Despite my concerns about the procedure itself, I am not worried about the results of this biopsy.  Again, there was no increased metabolic activity by PET or MRI.  I'm off to have a lovely weekend with the ladies, watching our crocuses bloom!      


  1. The good news is, you brought the Thanksgiving Turkey. The bad news is, its your date!

    Relevant? No. Will it make you smile? I hope so. I love you and miss you.

  2. you are allowed to complain. You are allowed to look forward to Monday with dread. You are allowed to scold the medical profession that fails to explain things in more detail ahead of time and just assume we understand the procedures that they perform daily.

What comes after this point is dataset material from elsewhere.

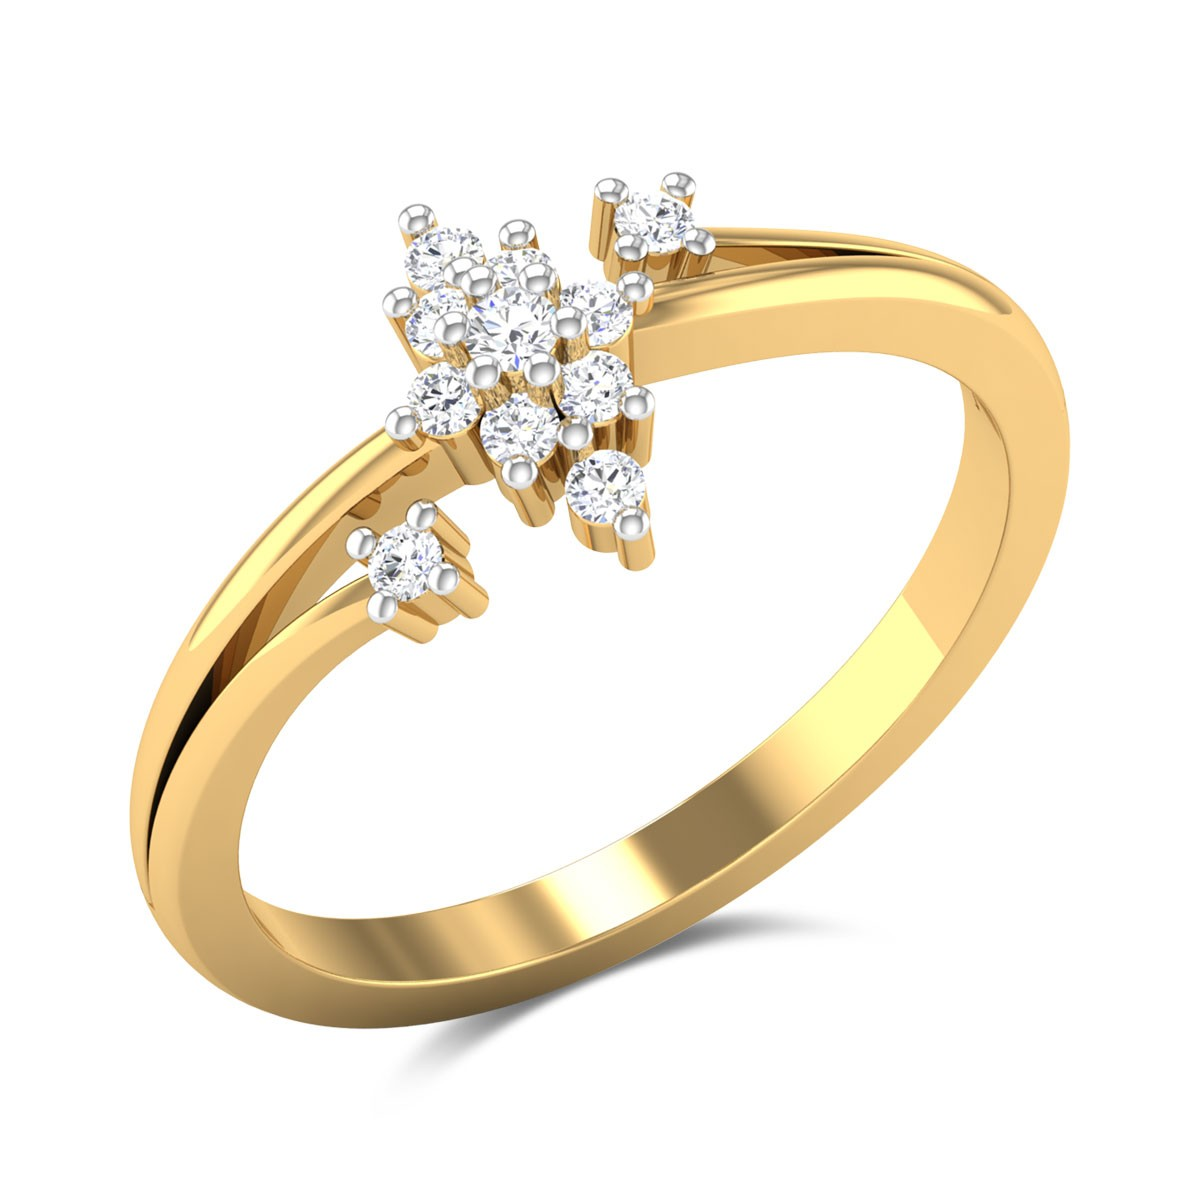 Bali Diamond Ring

    Wishing you the best on Monday. Just one more step. (Keep on swimming, keep on swimming).

    Saw our crocuses up today. Not sure what happened to the 100 daffodils I planted last fall. I see only about 7 bunches, and I am wondering if those were ones that were already planted?!?!

  3. "walnut-sized!" ouch. Sounds like its time for more pain fighting super powers. Hope you at least get to enjoy the lovely weekend! Will be thinking of you Monday.

  4. Sorry for your shitty upcoming day. If they are going to put you out, why not do it before the wire is placed? I know there is probably a good reason; I mean this more as a rhetorical question (i.e. God damnit Dr. Surgeon!). I love you so much. I am in awe of your bravery and tired of you having to be so brave.

  5. I'm thinking of you today, Heather! I hope you're doing ok and that it all turned out to be less awful than you feared (although it sounds pretty scary). Big hug!


  6. Instead of talking about said walnut sized dreadedness, I'm going to talk about the pink peonies I planted yesterday.

    I've never planted peonies. Ever. In fact, the last time I "gardened" was at The Farm with dad. Remember that? Do you remember Missouri, and we had rows, and rows, and ROWS of cherry tomatoes? It's no wonder that it's taken me so long to recover and finally want to plant my own garden! :)

    OH! And remember that Fourth of July when we were ALL in our swimming pool and we were trying to make a whirlpool?

    In all seriousness - I hope today went well. Having recently been subjected to the torture chamber (mammography room) for the first time, you're moooost decidedly in my thoughts today.

    Sucky indeed.


    PS - What are crocuses? I feel like I'm missing out!